Feature Overview
Transcription Models

Transcription Models

The Transcription page controls how RealTimeX transcribes audio recordings.

Open it from Settings > Transcription.

What this page is for

This page is for transcription workflows that process recorded or imported audio.

It is not the same as the Speech to Text section inside Settings > Voice & Speech, which controls chat-thread dictation and voice chat.

Use Transcription when you are configuring the general audio-transcription pipeline.

Use Voice & Speech when you are configuring live mic input in chat.

Current provider choices

The current product exposes two transcription providers on this page:

  • RealTimeX Local
  • OpenAI

RealTimeX Local

RealTimeX Local uses browser-based Whisper models for on-device transcription.

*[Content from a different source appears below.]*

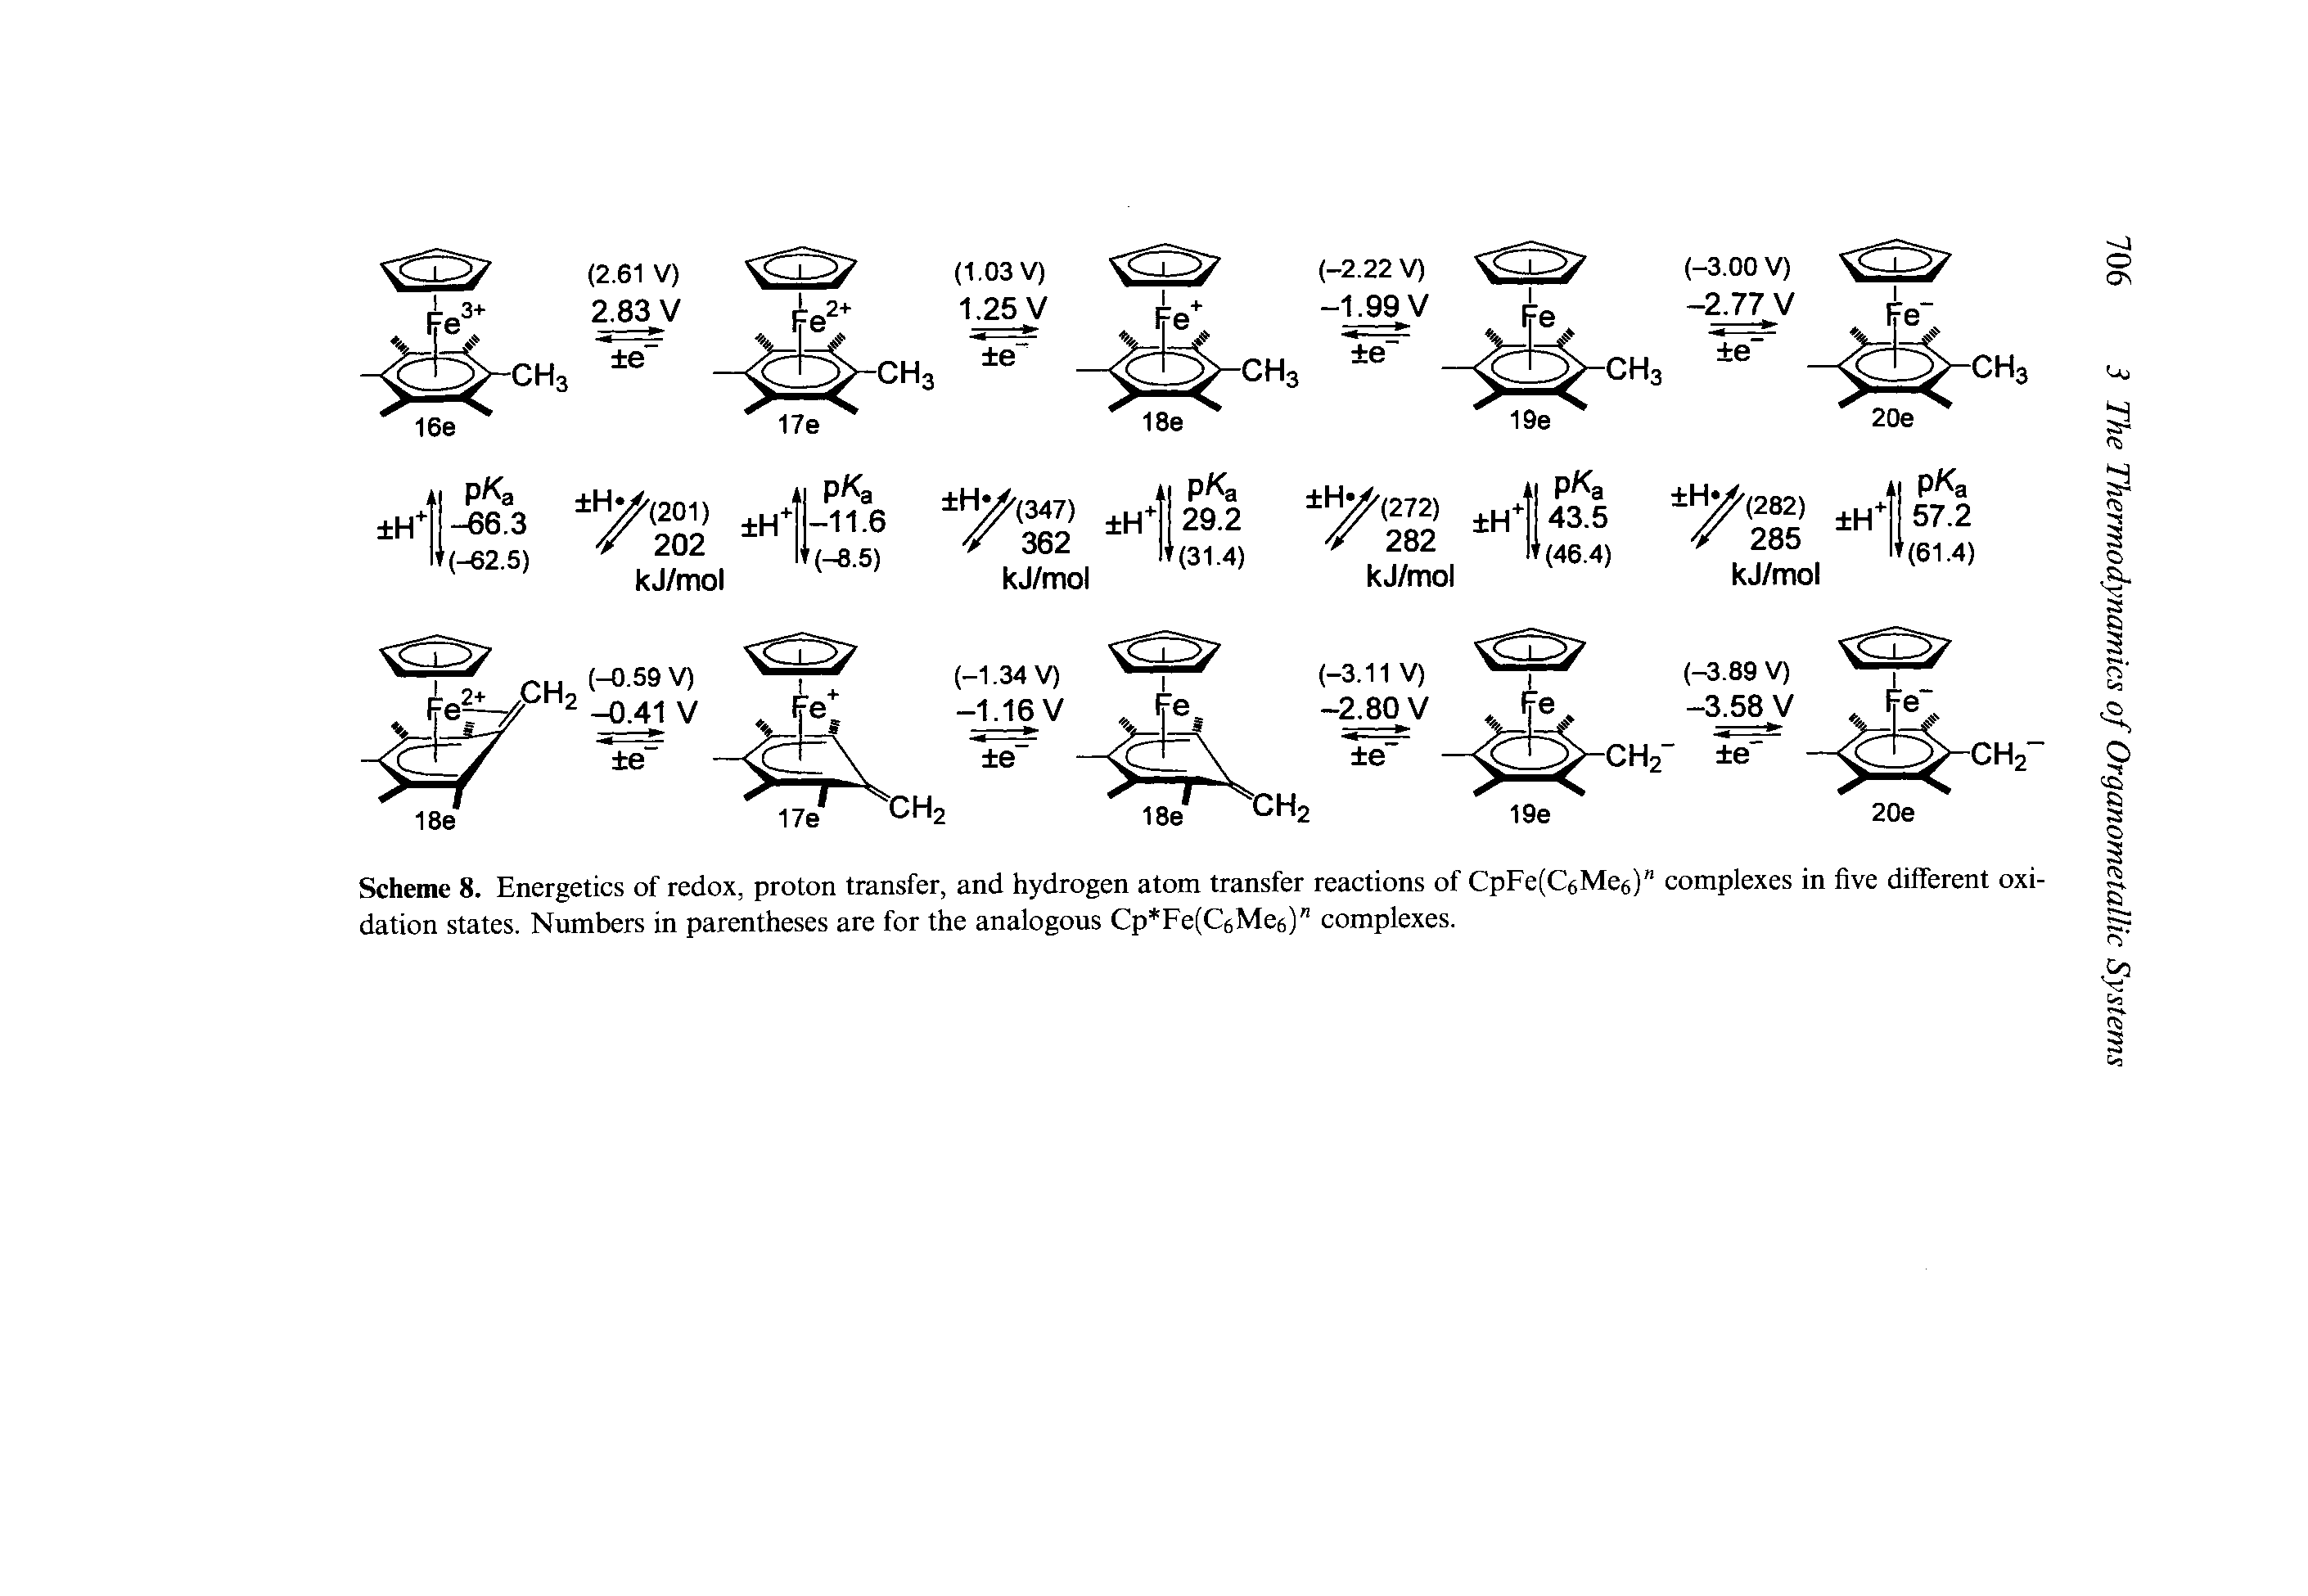 Scheme 8. Energetics of redox, proton transfer, and hydrogen atom transfer reactions of CpFe(C6Me6)" complexes in five different oxidation states. Numbers in parentheses are for the analogous Cp Fe(C6Me6)" complexes.

The current setup flow lets you:

  • choose a Whisper model
  • download models on first use or ahead of time
  • trade speed against accuracy based on your device
  • keep transcription local to the machine running RealTimeX

Smaller models are faster and lighter.

Larger models are usually more accurate, but they require more device resources and more download time.

OpenAI

OpenAI uses cloud Whisper transcription.

The current setup is simple:

  • add an OpenAI API key
  • use the built-in OpenAI Whisper configuration shown in the page

Use this when you want cloud transcription instead of downloading local models.

Choosing between local and cloud transcription

  • Use RealTimeX Local when privacy, offline use, or avoiding cloud calls matters most.
  • Use OpenAI when you want a managed cloud transcription path and do not want to handle local model downloads.

Important distinction: Transcription vs Speech to Text

RealTimeX now has two separate audio input settings areas:

  • Settings > Transcription This page controls the transcription pipeline for recorded audio workflows.
  • Settings > Voice & Speech This controls live Speech to Text and Text to Speech behavior used in chat.

If you are trying to change dictation or voice-chat behavior and nothing changes, you are probably on the wrong page.